» **What is needed**
The pictures stay out; all of the data is to be printed exactly.
*** Opening of The data ***
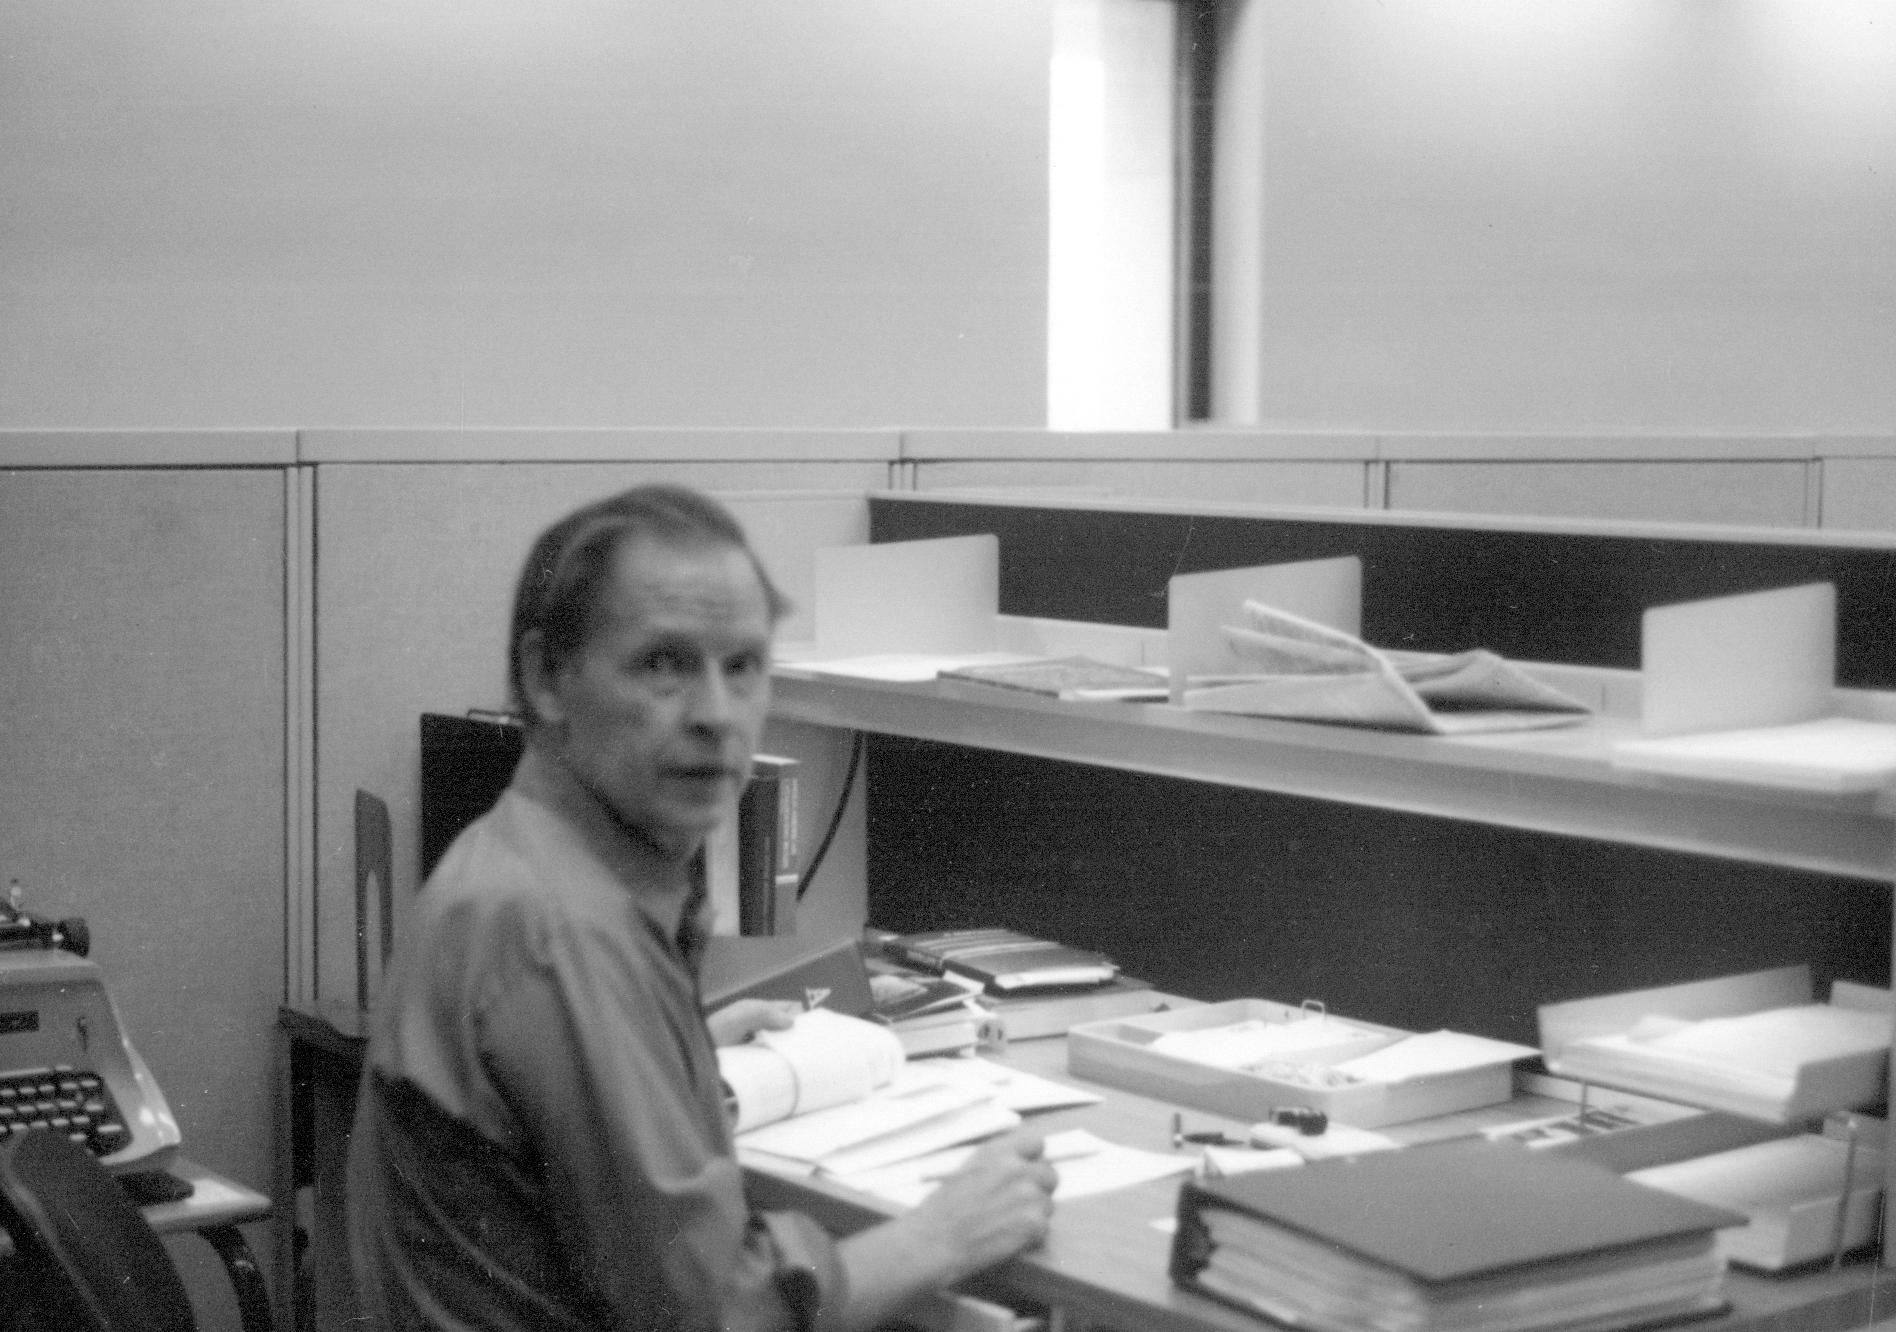 Prie darbo stalo Kongreso bibliotekoje (Library of Congress)
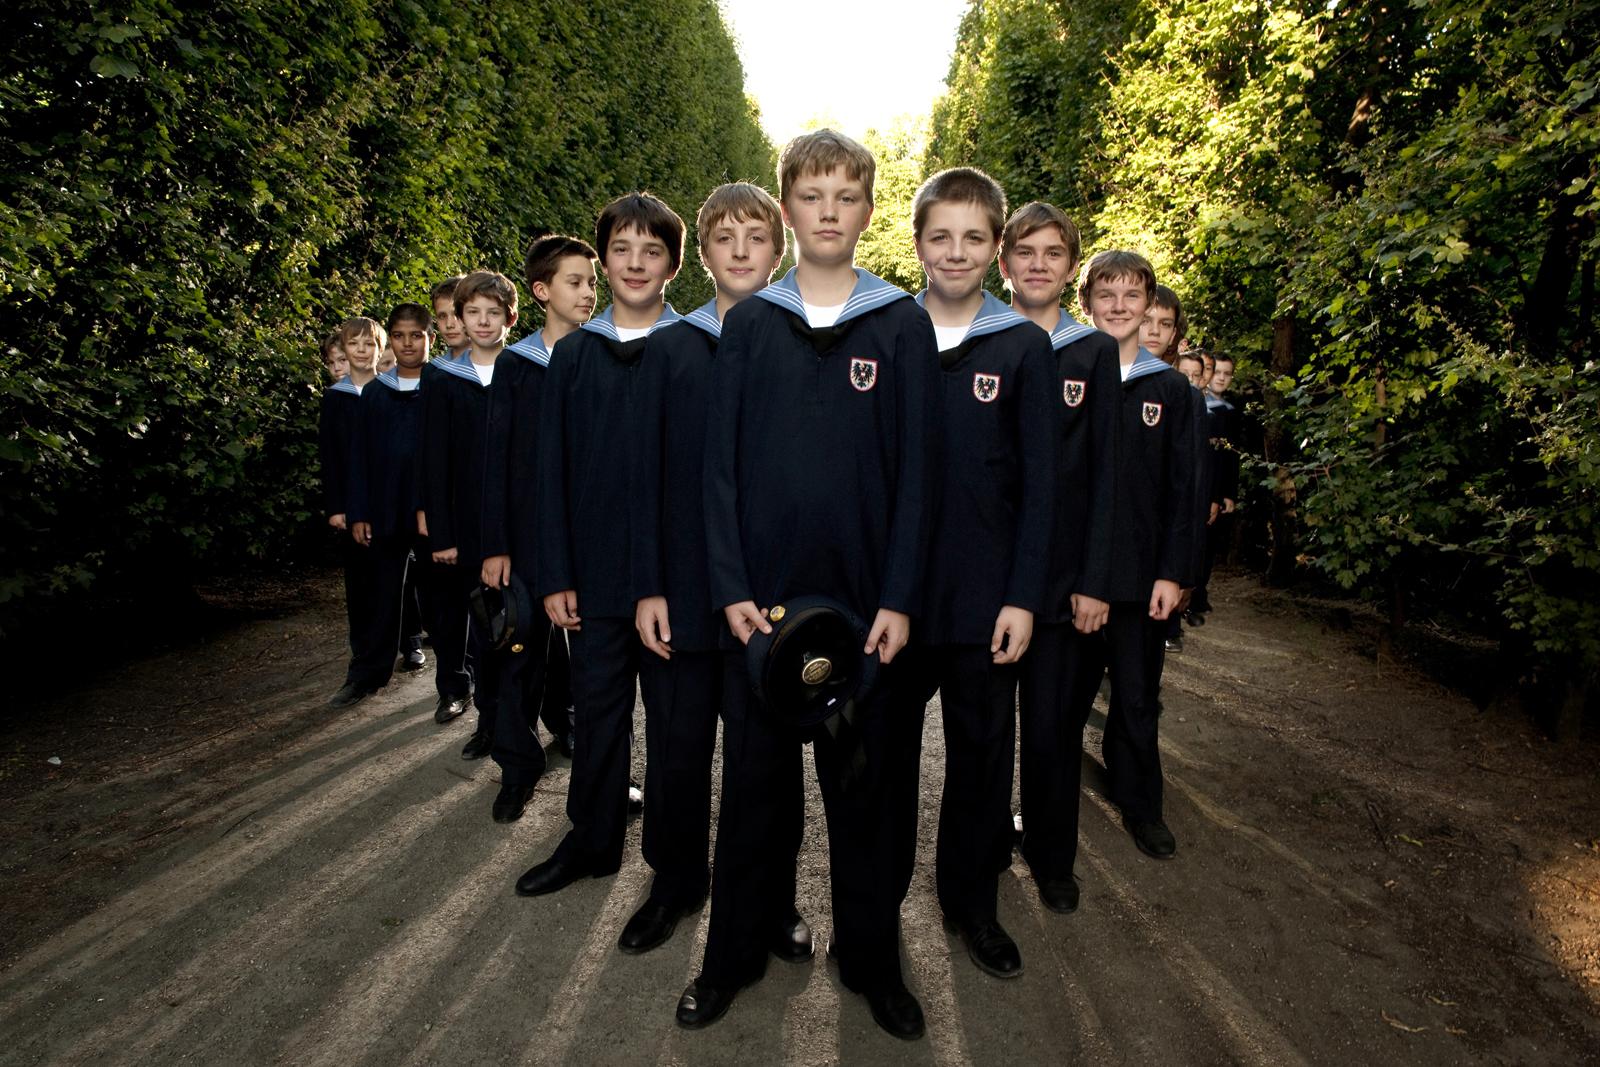 Members of the Vienna Boys Choir
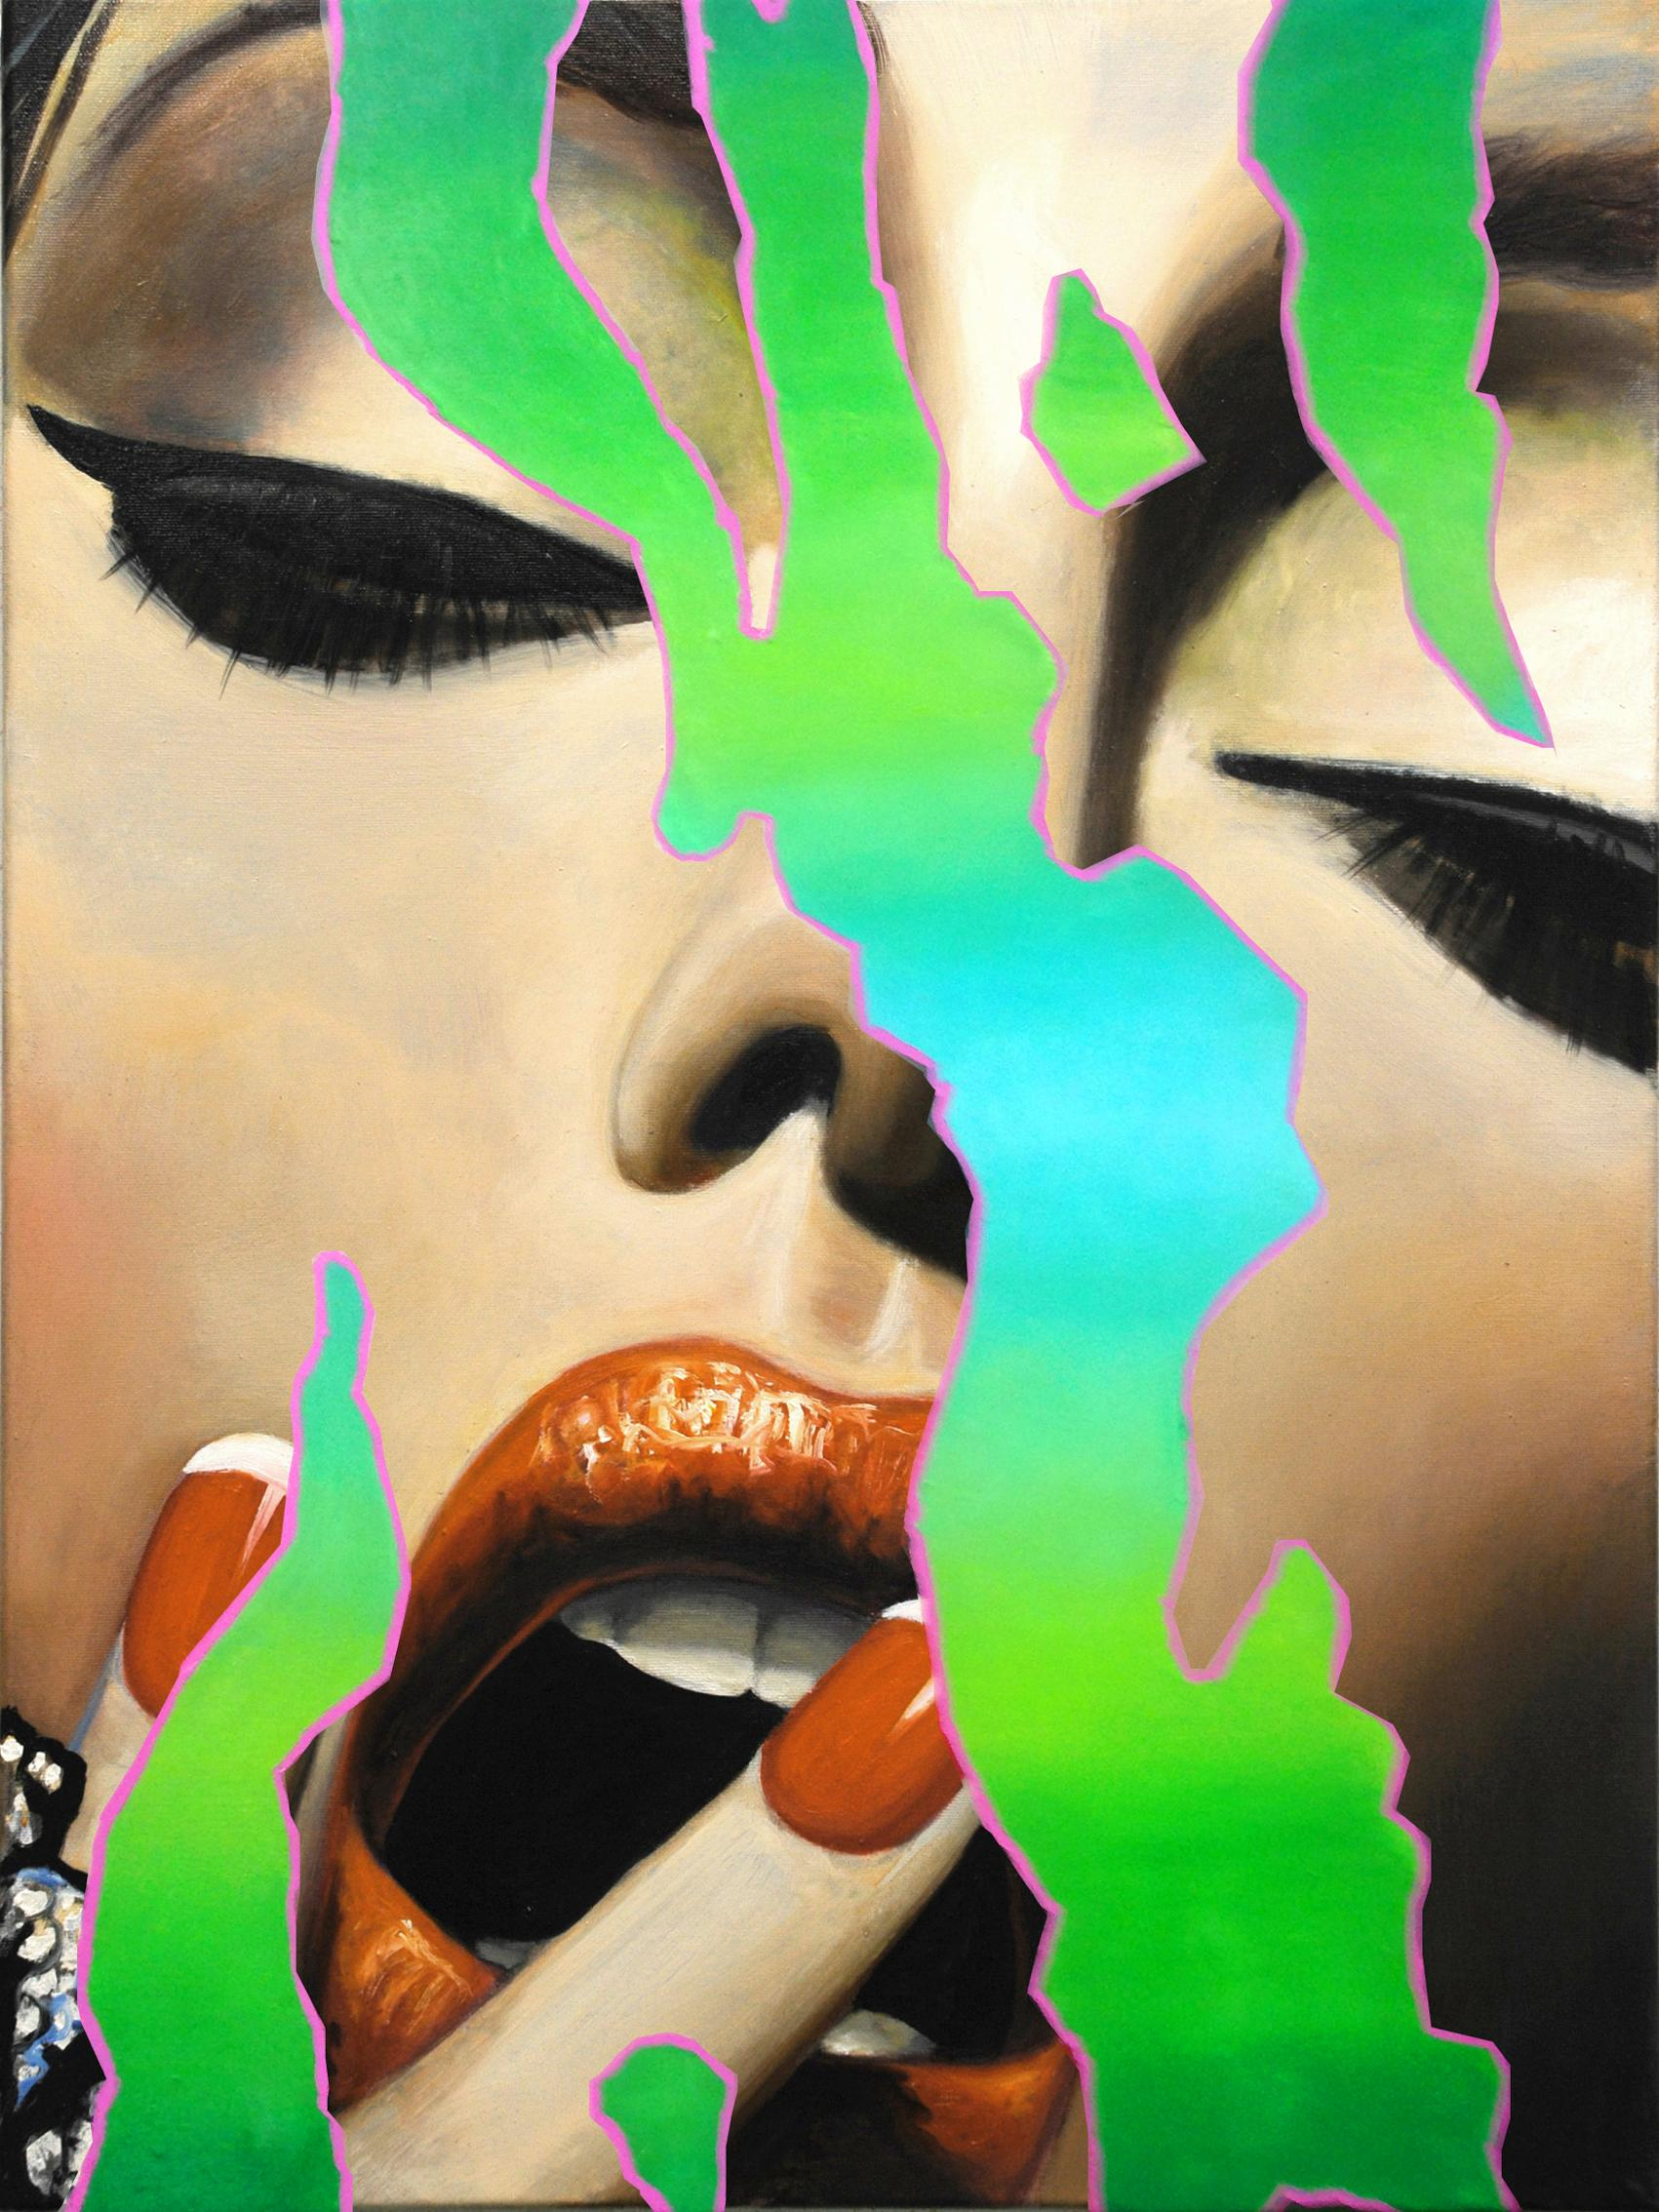 Glossy 1 - Contemporary, Pop Art, figurative, modern, female Portrait, oilpaint
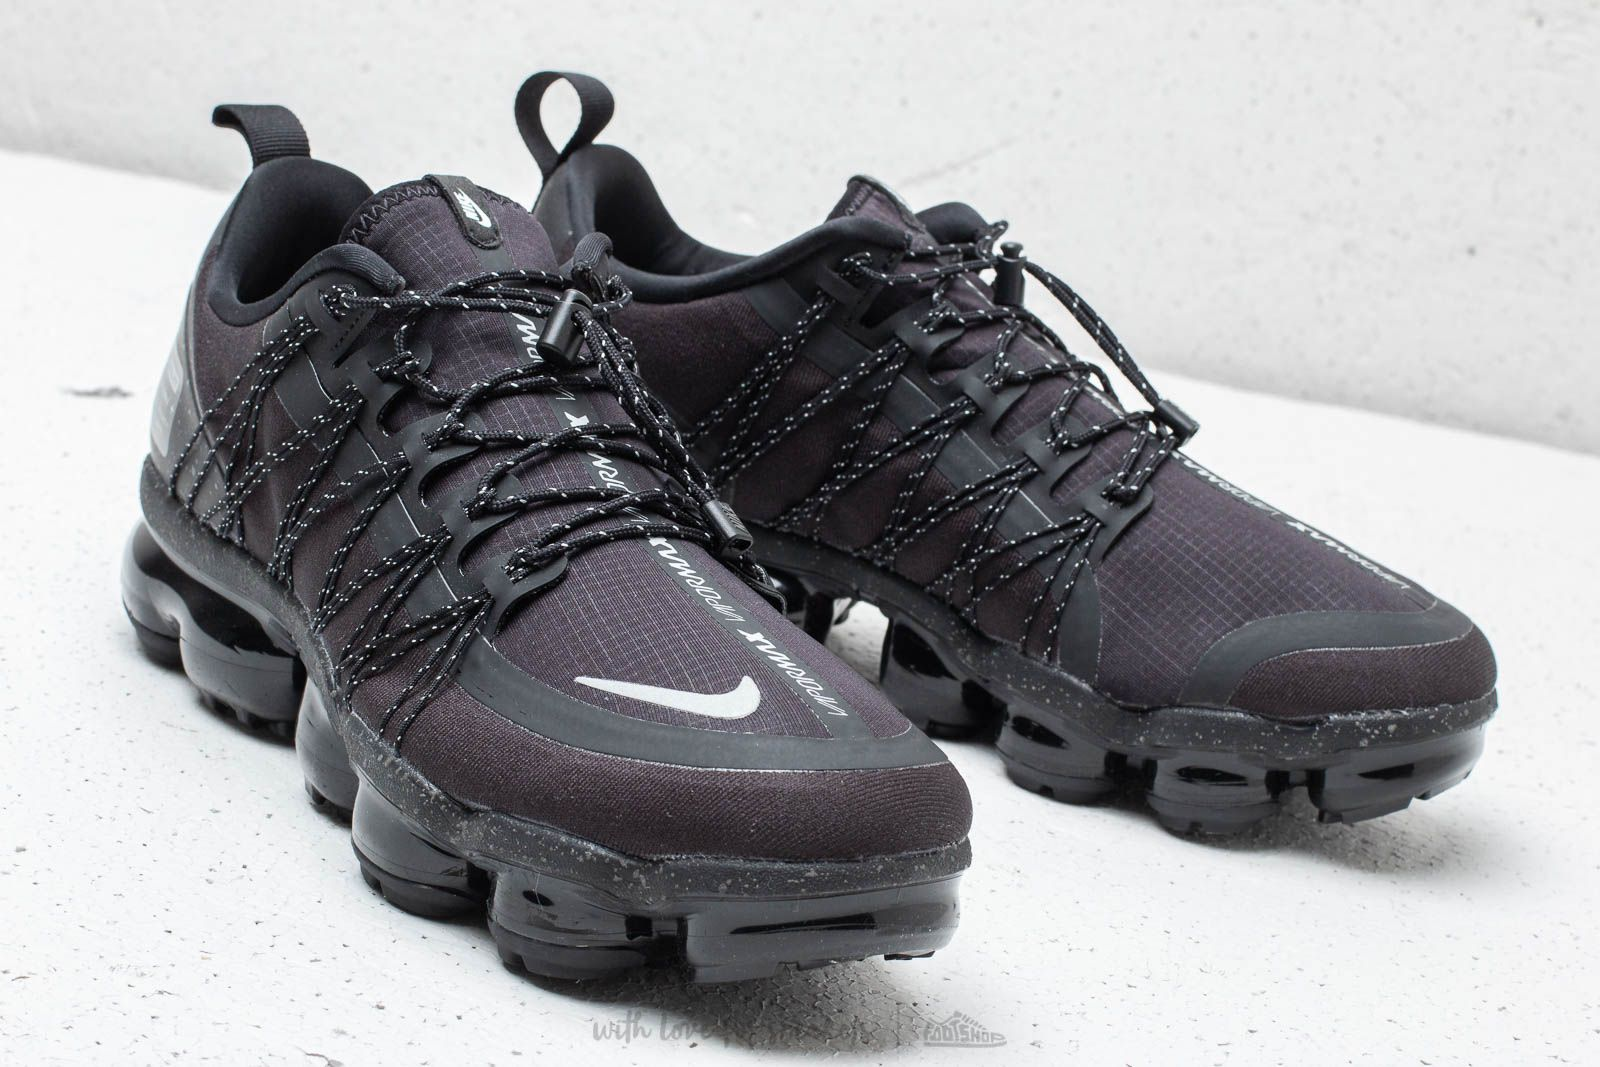 check out 779ea 4bcda Nike Air Vapormax Run Utility Black/ Reflect Silver- Black ...
*** Close of The data ***
» **Answer box**
 Prie darbo stalo Kongreso bibliotekoje (Library of Congress)
 Members of the Vienna Boys Choir
 Glossy 1 - Contemporary, Pop Art, figurative, modern, female Portrait, oilpaint
 check out 779ea 4bcda Nike Air Vapormax Run Utility Black/ Reflect Silver- Black ...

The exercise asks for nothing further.